As Emily Freeman wrote on Instagram, “Of all the things we lost in the last 12 months, one that has taken the longest for me to name is a sense of possibility.” I resonate with that so much. We’ve had to halt, postpone, cancel, or shelve so much desire. It’s made us all stir crazy. The human heart is not made for restriction; suppression requires its greatest effort. In the words of Gerald May, “Something that has been repressed does not really go away; it remains within us, skirting the edges of our consciousness. Every now and then it reminds us of its presence, as if to say, ‘Remember me?’” And the end will bring this awareness. Grief will come as intense desire. Sometimes the ache for something is so intense it hurts.
A Tired Body and Being
Which will bring us face to face with our health and mental well being. We will want to jump back into life as we knew it and find our rhythm again, put this in the rear view mirror. But our bodies and beings will not let us. The muscles and the finances and the relationships and the depression won’t catch up fast enough to what we want. We will tire quickly. We will not have the stamina or the capacity. We will limp for awhile and the let down will show up. It will not feel like normal life. Normal life died. We won’t be as fast at returning as we thought. And this irritation that its not happening fast enough will bring sorrow. This is when we must stop and let the grief come, when the world does not spin back up like it used to.
Blessing Your Sweat Pants
The hope of the end is in the air. Can you sense it? But we are not there yet. So in the meantime, may I propose something for you to do? I said at the outset, that we rarely bless survival. We do not often stop and thank the things that got us through. I hear it most when people confess with embarrassment or outright contempt the things that got them through childhood abuse. The bedroom or the books or the imaginary friends we retreated to. The self soothing that now is addiction. The places or the people that were never good for us but got us out anyway.
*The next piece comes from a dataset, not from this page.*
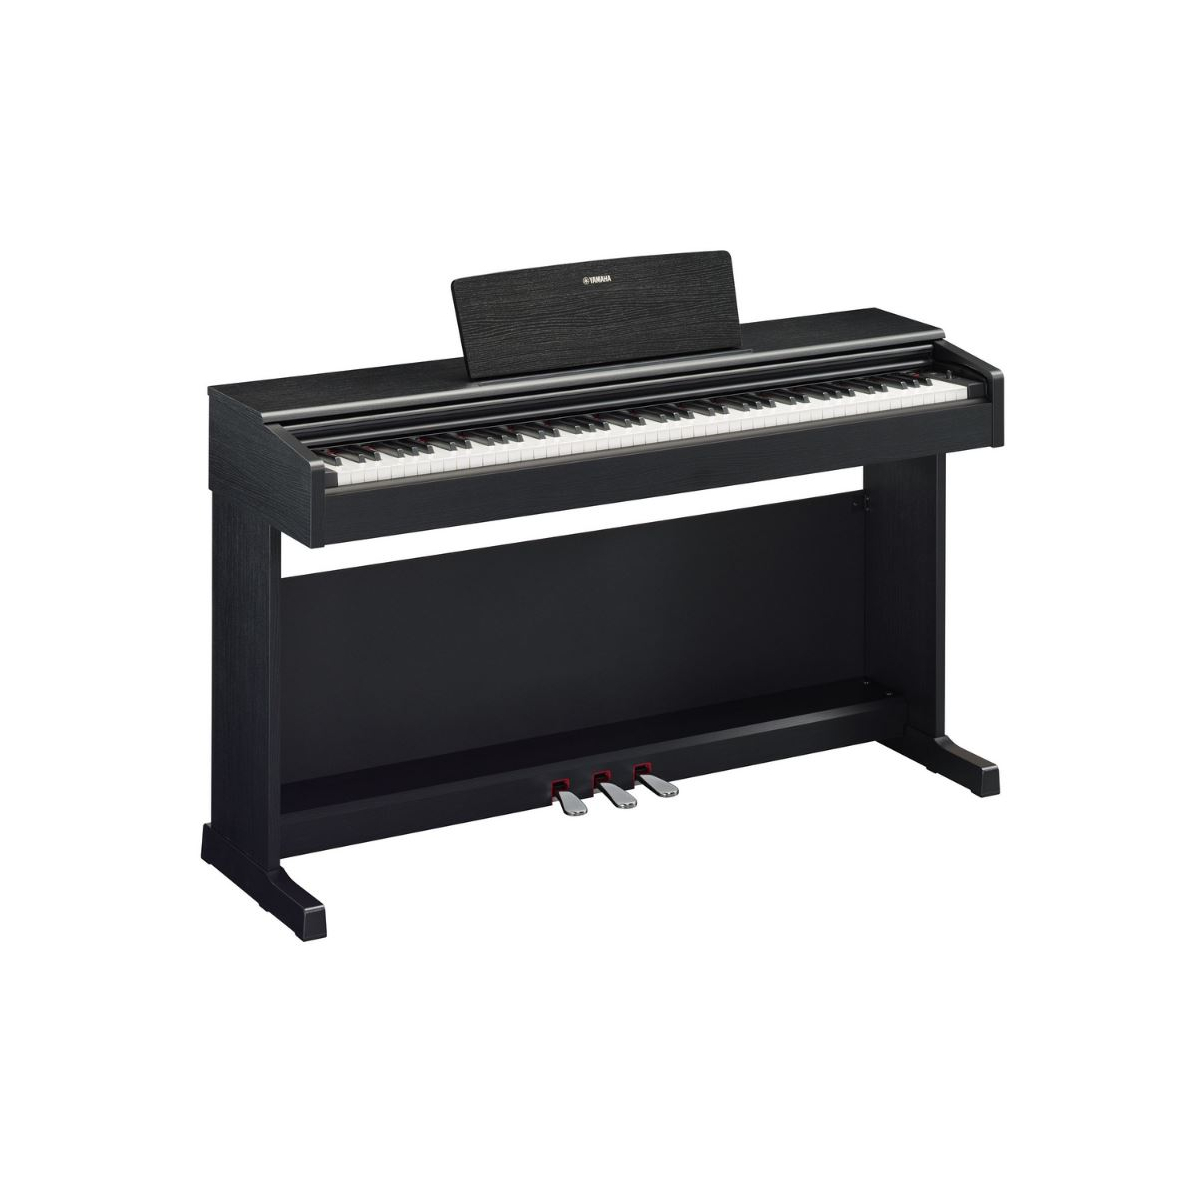 Pianos numériques meubles - Yamaha - YDP-145 (NOIR)

We do this because its an act of self kindness. You survived. Well done. Can you thank the things you used to survive the pandemic? What will you bless? What’s getting you through?
I found the best jogger sweat pants at the outset and they made my sore body mornings more comforting. I love my coffee and the 10 gallons of egg nog I drank in the darkest nights of Winter with its creamy soothing goodness. I am grateful for swear words that got me through many starry night walks around my block (Sorry neighbors!). I am grateful for the prayers that came after the swears. I love my men’s group that found a life still on Zoom. Mando, you were a gift to me too. My binge foods and my children. And for the passionate fights with my wife, the ones that made us humble enough to want to say we were sorry and talk even more.